An AgglomerateAttachment stores the agglomeration graph for a segmentation layer. It maps every segment to an agglomerate and stores, for each agglomerate, its constituent segments, the edges between them, the affinity scores of those edges, and a representative voxel position per segment. Usually, there are multiple agglomerate attachments with varying degrees of agglomeration.

File Format

The artifact is stored as a Zarr v3 hierarchy on disk.

Directory Structure

{attachment_name}/
  zarr.json                            # group metadata (version, class)
  segment_to_agglomerate/              # array
  agglomerate_to_segments_offsets/     # array
  agglomerate_to_segments/             # array
  agglomerate_to_edges_offsets/        # array
  agglomerate_to_edges/                # array
  agglomerate_to_affinities/           # array
  agglomerate_to_positions/            # array

The attachment name is arbitrary. When computed with Voxelytics it is usually agglomerate_view_{mapping_id}, where mapping_id is either an integer (commonly a percentile of the agglomeration score) or a string identifier. The directory is referenced from the layer's datasource-properties.json via AttachmentsProperties.agglomerates.

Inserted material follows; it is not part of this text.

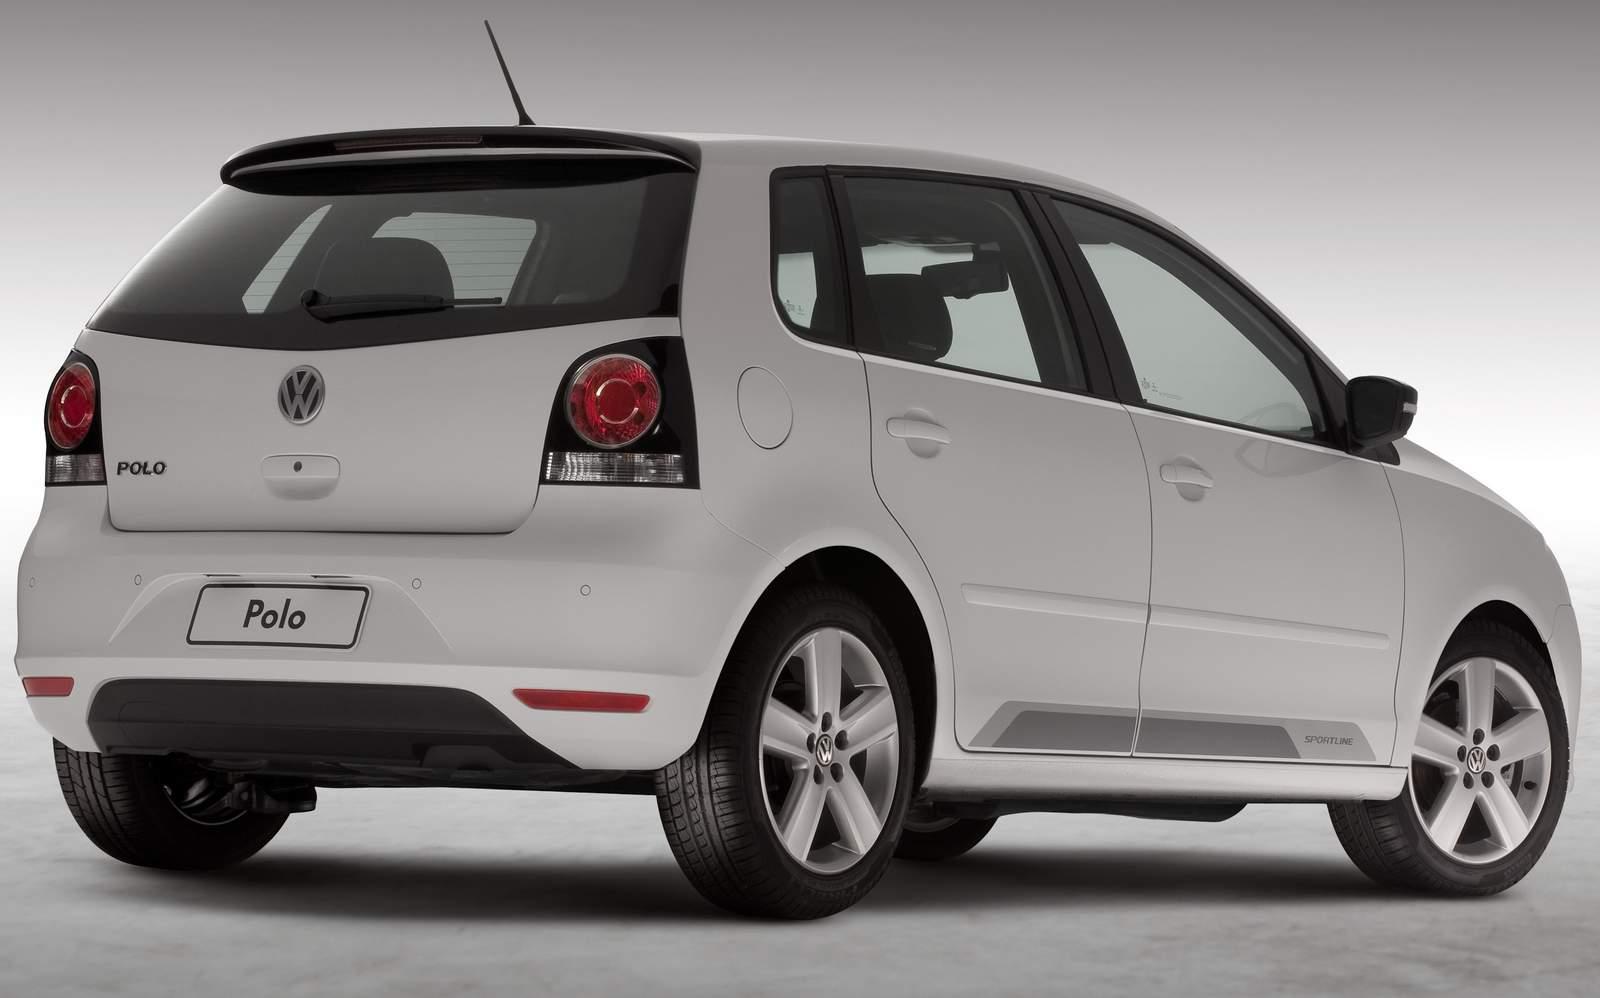 436bee4586 VW Polo 2014 - preços partem de R  47.810

Group Metadata (zarr.json)

The group zarr.json stores the following attributes under the voxelytics key:

Key Value
zarr_format 3
node_type "group"
attributes.voxelytics.artifact_schema_version 4
attributes.voxelytics.artifact_class "AgglomerateViewArtifact"

Example:

{
  "zarr_format": 3,
  "node_type": "group",
  "attributes": {
    "voxelytics": {
      "artifact_schema_version": 4,
      "artifact_class": "AgglomerateViewArtifact"
    }
  }
}

Notation

Let:

  • n_segments = total number of segments (segment IDs are 1-based and dense: every integer from 1 to n_segments must be present; segment 0 is the background)
  • n_agglomerates = number of real agglomerates (agglomerate 0 is reserved and always empty)
  • n_edges = total number of edges across all agglomerates

The segmentation_dtype must be uint32 or uint64 and must match the dtype of the corresponding segmentation layer.


Arrays

segment_to_agglomerate

Property Value
Shape (n_segments + 1,)
Dtype uint64

Maps each segment ID to its agglomerate ID. Index 0 is the background segment and maps to agglomerate 0.

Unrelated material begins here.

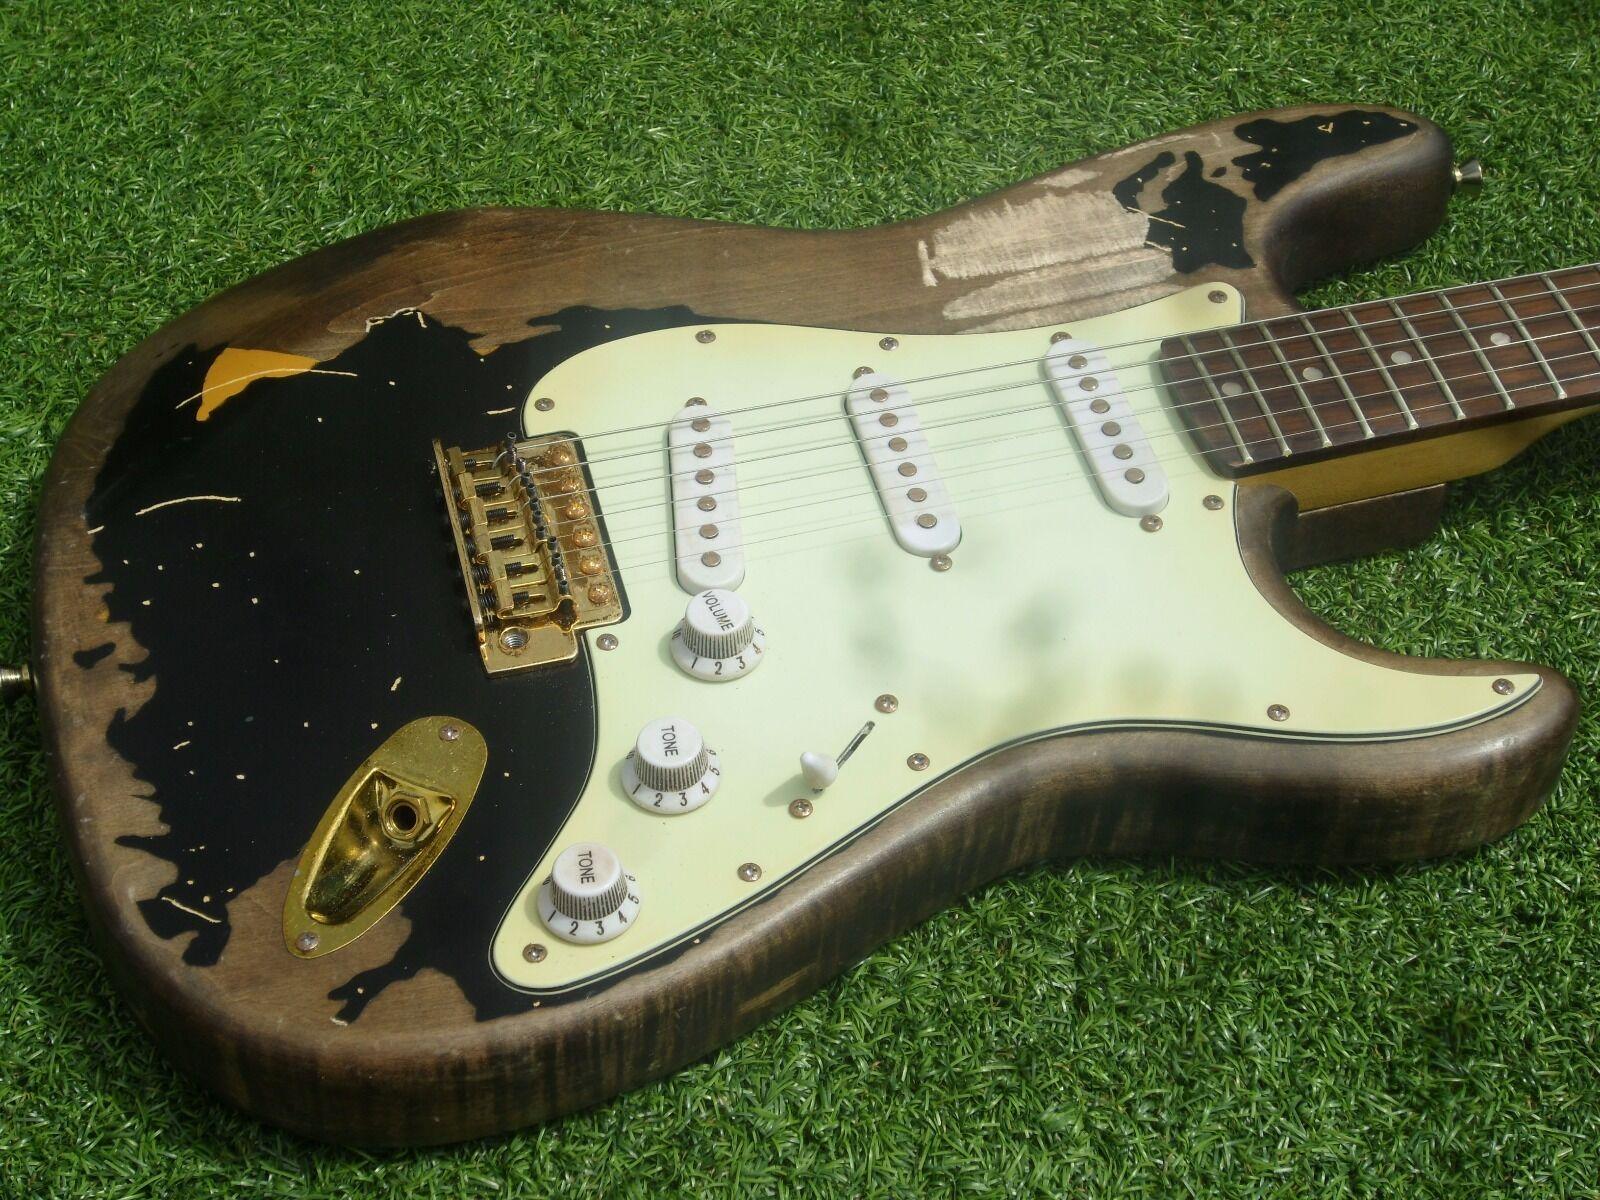 DY Guitars John Mayer relic strat guitar schwarz1 schwarz 1 Blk1

Example: [0, 1, 1, 1, 1, 2, 2, 1] — segments 1–4 and 7 belong to agglomerate 1, segments 5–6 belong to agglomerate 2.


agglomerate_to_segments_offsets

Property Value
Shape (n_agglomerates + 2,)
Dtype uint64

CSR-style offset array into agglomerate_to_segments. The segments belonging to agglomerate i are at indices [offsets[i], offsets[i+1]) in agglomerate_to_segments.

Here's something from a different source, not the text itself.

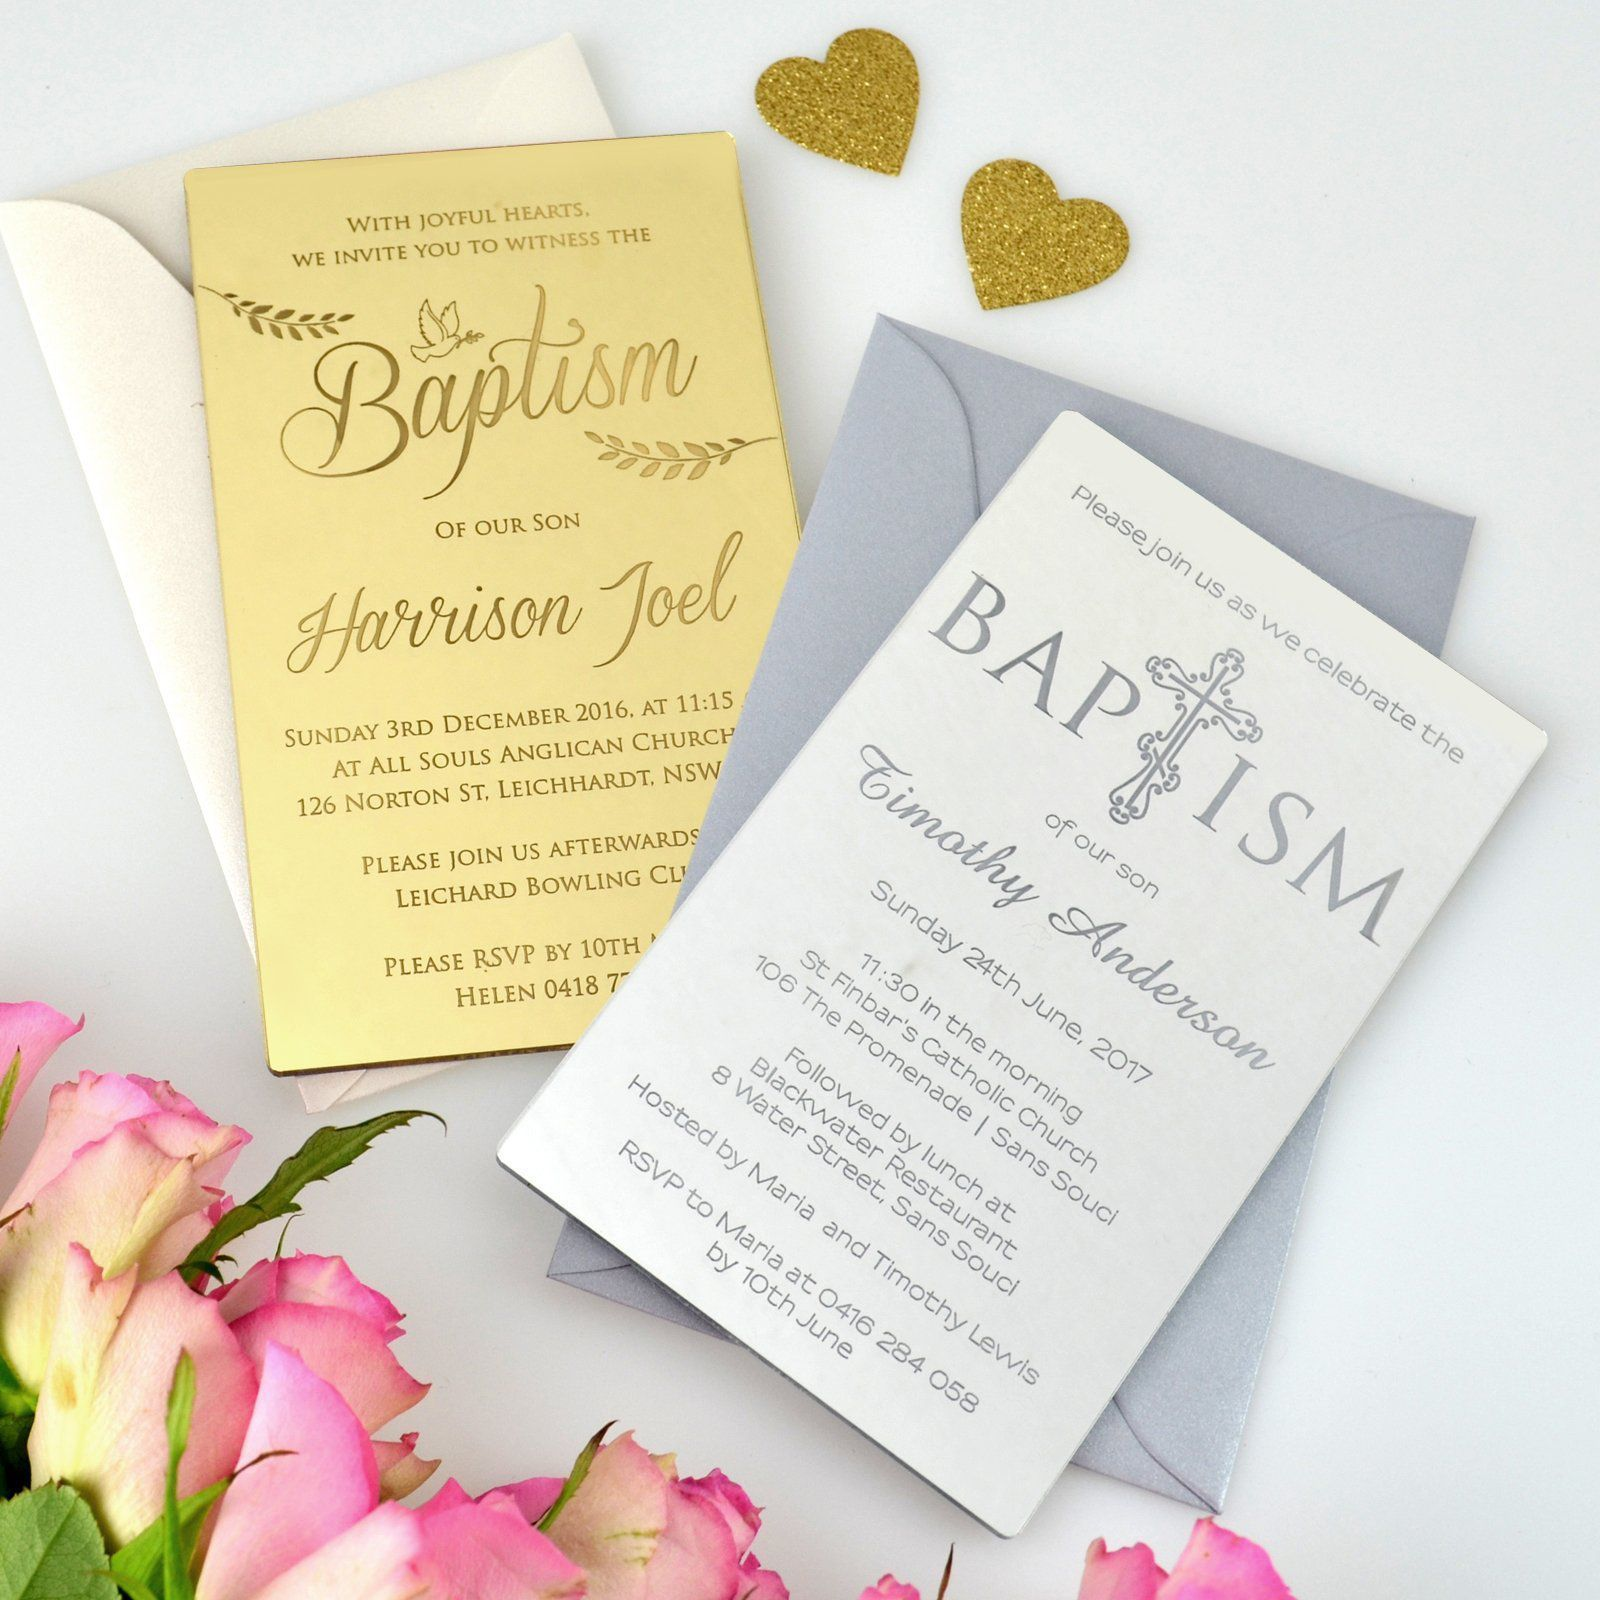 baptism invitation : cheap baptism invitations - Free Invitation for ...

Agglomerate 0 is always empty: offsets[0] == offsets[1] == 0. The last entry equals n_segments.

Example: [0, 0, 5, 7] — agglomerate 0 is empty, agglomerate 1 has 5 segments (indices 0–4), agglomerate 2 has 2 segments (indices 5–6).


agglomerate_to_segments

Property Value
Shape (n_segments,)
Dtype segmentation_dtype

All segment IDs, grouped by agglomerate. The segments for agglomerate i occupy agglomerate_to_segments[offsets[i]:offsets[i+1]] and are sorted in ascending order within each agglomerate.

Example: [1, 2, 3, 4, 7, 5, 6] — agglomerate 1 contains segments {1, 2, 3, 4, 7} and agglomerate 2 contains {5, 6}.


agglomerate_to_edges_offsets

Property Value
Shape (n_agglomerates + 2,)
Dtype uint64

CSR-style offset array into agglomerate_to_edges and agglomerate_to_affinities. The edges for agglomerate i are at indices [offsets[i], offsets[i+1]). The last entry equals n_edges.

Agglomerate 0 is always empty: offsets[0] == offsets[1] == 0.

Example: [0, 0, 4, 5] — agglomerate 1 has 4 edges, agglomerate 2 has 1 edge.


agglomerate_to_edges

Property Value
Shape (n_edges, 2)
Dtype segmentation_dtype

All edges, grouped by agglomerate. Values are zero-based local node indices within each agglomerate (i.e. positions within the agglomerate's slice of agglomerate_to_segments).

For each edge (n1, n2): - n1 < n2 - Edges within each agglomerate are sorted lexicographically: first by n1, then by n2.

Example: [[0,1], [0,4], [1,2], [2,3], [0,1]]

To convert local indices to global segment IDs, index into agglomerate_to_segments using the agglomerate's offset from agglomerate_to_segments_offsets.


agglomerate_to_affinities

Property Value
Shape (n_edges,)
Dtype float32

Affinity score for each edge, co-indexed with agglomerate_to_edges. Higher values indicate stronger evidence for merging.

Example: [124.0, 65.5, 0.0, 250.5, 80.0]


agglomerate_to_positions

Property Value
Shape (n_segments, 3)
Dtype int32

Representative voxel position (x, y, z) for each segment, co-indexed with agglomerate_to_segments. The positions for agglomerate i occupy agglomerate_to_positions[offsets[i]:offsets[i+1]] where offsets is agglomerate_to_segments_offsets.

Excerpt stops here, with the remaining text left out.